To better understand the relationship between HIV outcomes and phrase embeddings, we analyzed the proportion of times a clinical phrase in our classifier was associated with a positive or negative HIV health outcome. The color (and color-intensity) of the phrases in the 3D embedding space was achieved by binning these proportions in intervals of 0.2. When visualized in our embedding space, this simple approach illustrates the clear relationship between HIV outcomes and clinical phrases, beyond inspecting the coefficients from our classifier, and provides stakeholders an intuitive and interactive tool to visualize key insights from these analyses. Further exploration using this tool can lead to hypothesis generation for future studies.
You can check out the full UI below:
It was a pleasure to work with our partners at ViiV Healthcare. They provided us with valuable HIV domain expertise throughout the course of the project. We believe combining the clinical proficiency of domain experts with the careful application machine learning techniques can enable stakeholders like ViiV Healthcare to develop new hypotheses for the drivers of HIV health outcomes. These hypothesis, if vetted by future experiments, have the potential to alter the delivery of health care for HIV patients.
[For more details about the specific HIV health outcomes and model performance, check out our conference poster and abstract entitled Supervised machine learning to predict HIV outcomes using electronic health record and insurance claims data.]
 Turney, Peter D. and Pantel, Patrick. 2010. From frequency to meaning: vector space models of semantics. Journal of Artificial Intelligence Research 37: 141–188.
 Pennington, Jeffrey; Richard Socher; and Christopher D Manning. 2014. GloVe: Global vectors for word representation. Proceedings of the Empirical Methods in Natural Language Processing, 1532–1543.

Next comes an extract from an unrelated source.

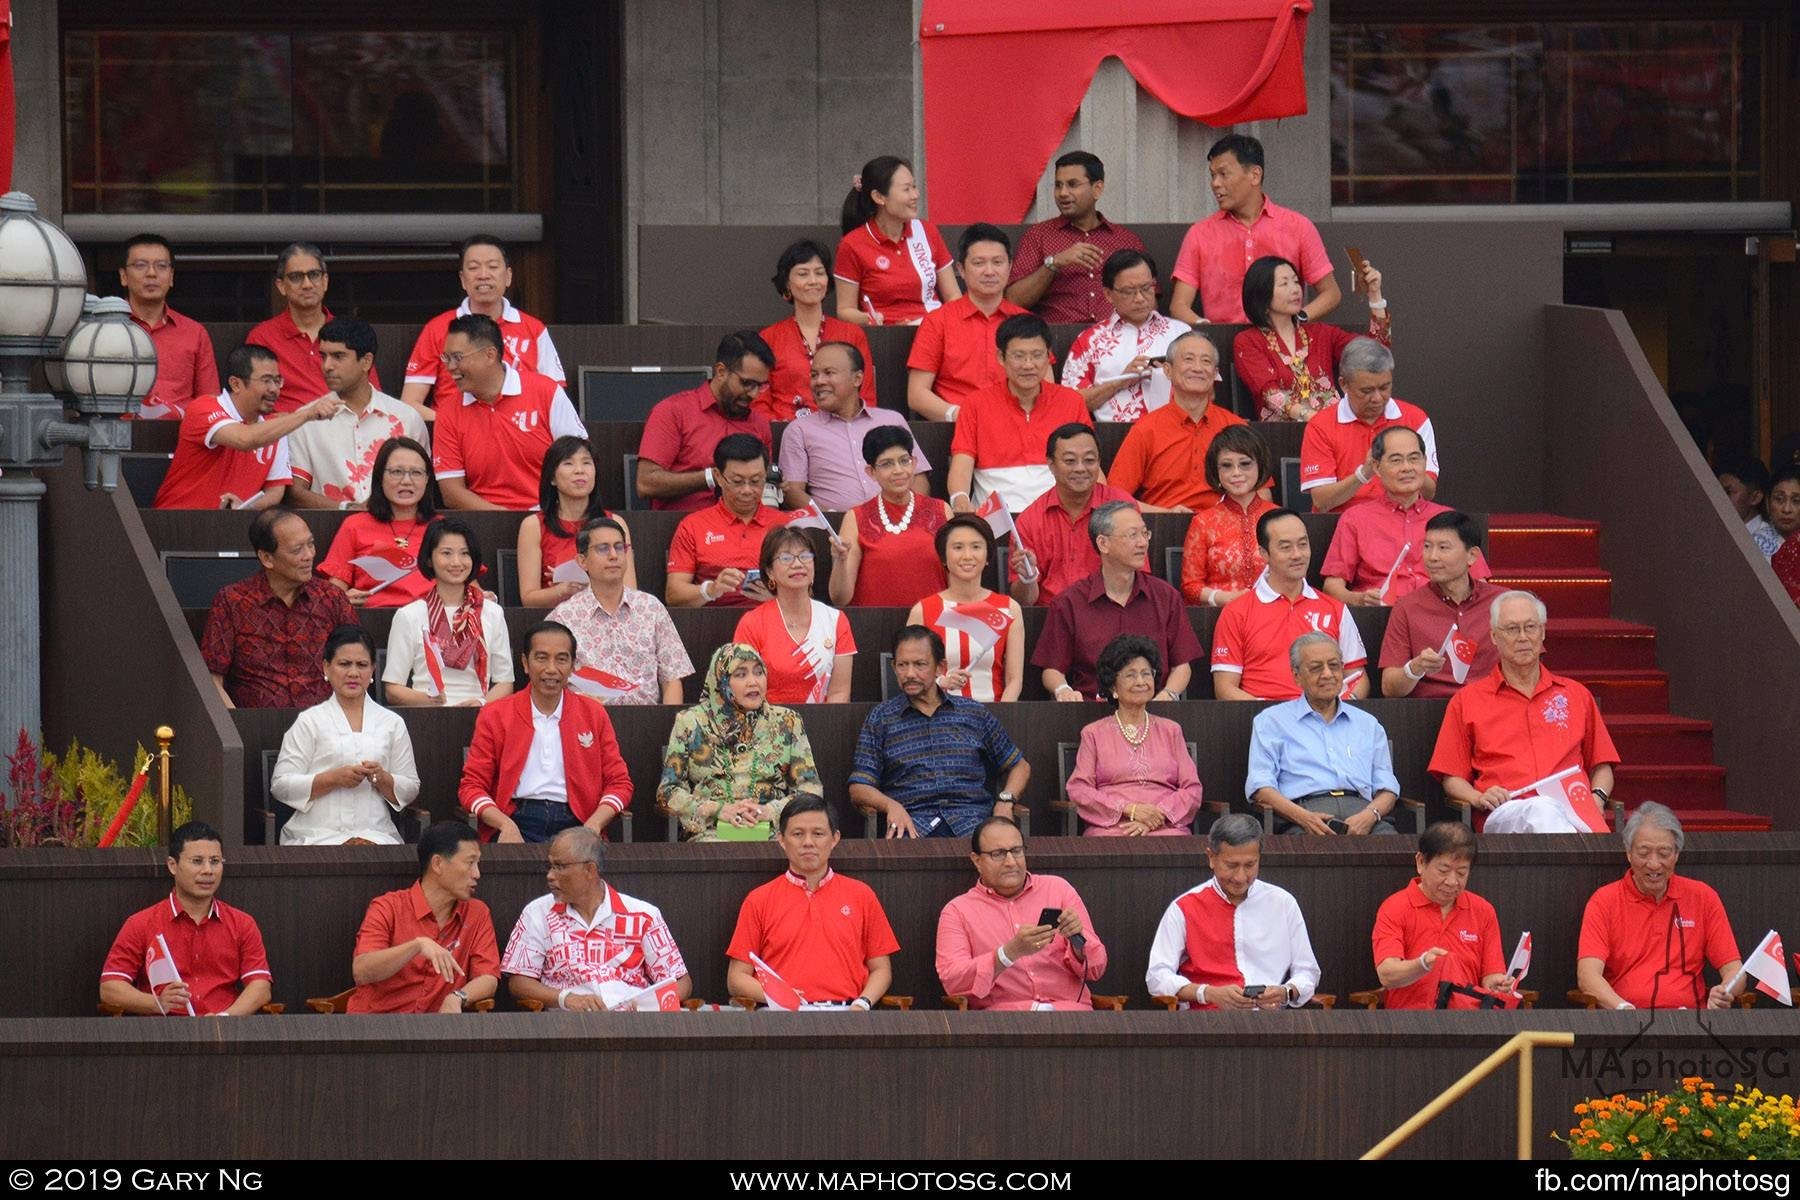 Indonesian President Joko Widodo, Brunei's Sultan Hassanal Bolkiah and Malaysian Prime Minister Mahathir Mohamad are special guests at NDP2019

 Mikolov, Tomas; Kai Chen; Greg S. Corrado; and Jeffrey Dean. 2013. Efficient estimation of word representations in vector space. Proceedings of the International Conference on Learning Representations.
 Choi, Youngduck; Chill Yi-I Chiu; and David Sontag. 2016. Learning low-dimensional representations of medical concepts. AMIA Joint Summits on Translational Science, 41–50.
 McInnes, Leland. and John Healy. 2018. UMAP: Uniform manifold approximation and projection. The Journal of Open Source Software 3(29): 861.